ママとパパのイノベーション!「イーブン夫婦」白書No.2

2018/11/21

イーブン夫婦~自己実現のための合理的夫婦形態

前回の記事で、家事や育児など、家の中のことを夫婦でイーブンにこなす、「イーブン夫婦」という新しい夫婦のカタチが出現してきている、という話をしました。

今回は、その「イーブン夫婦」の価値観、情報シェアの仕方、消費、休日の過ごし方などの実態を見ていきたいと思います。

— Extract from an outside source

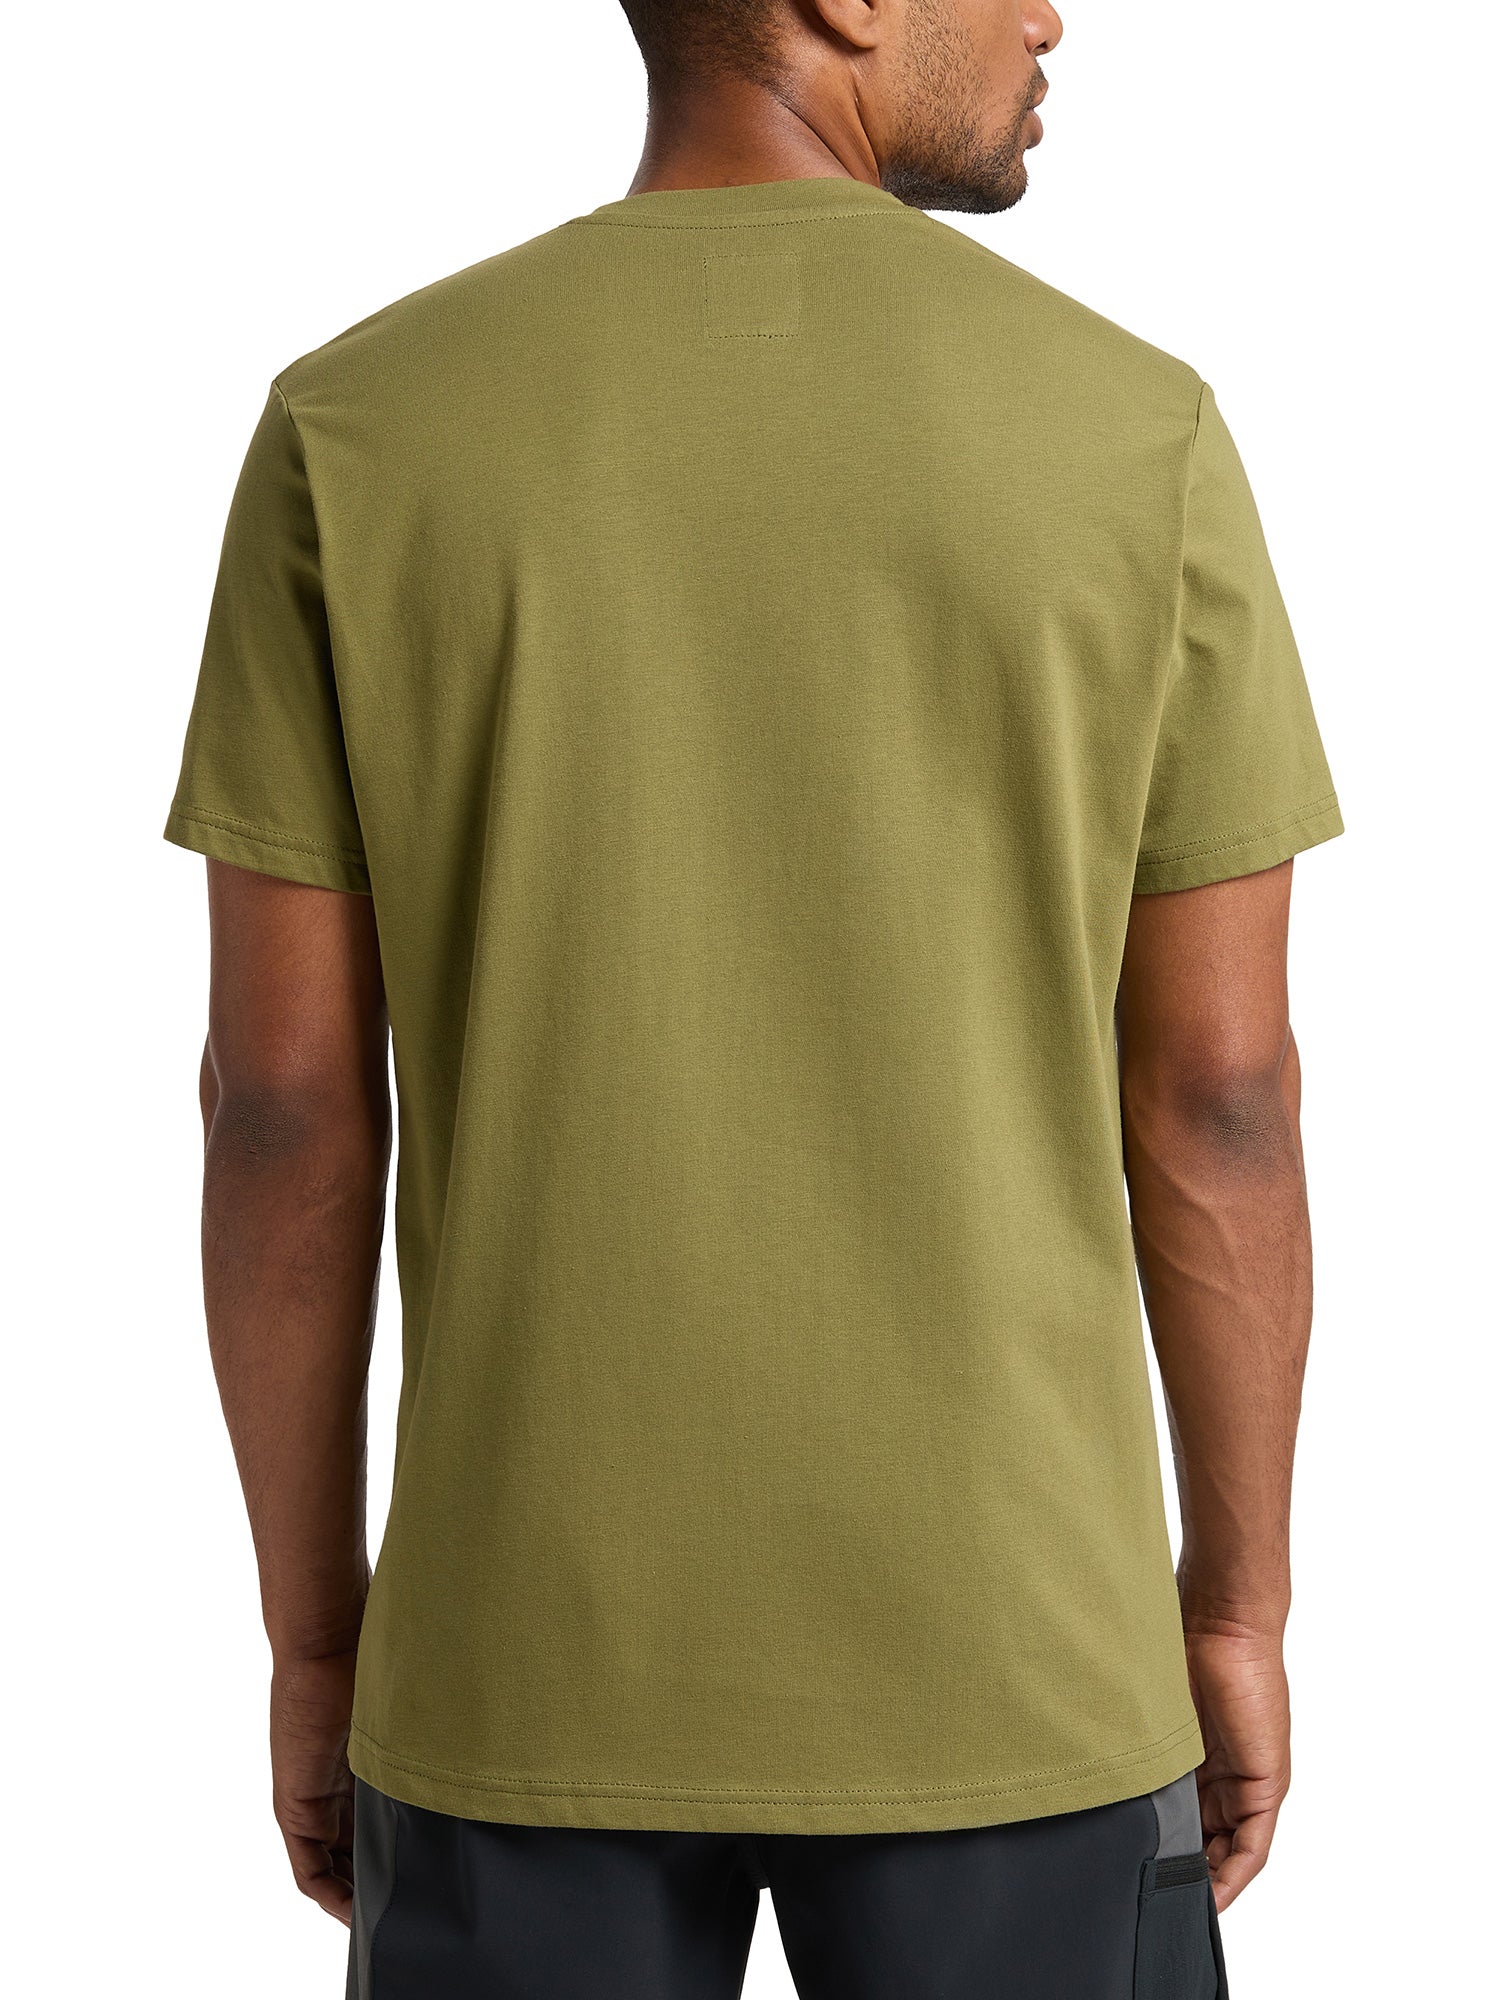 Outsider By Nature Tee Men

イーブン夫婦の実態・価値観~対等で、柔軟で、リスペクトし合う関係を目指す~

イーブン夫婦は、パパママ共に平均年齢が35歳以下で、家庭科必修&デジタル標準装備世代が多い、という傾向があります。家事・育児の分担比率が5:5もしくは6:4のイーブン夫婦ですが、彼らはどんな思いで家事・育児を分担しているのでしょうか?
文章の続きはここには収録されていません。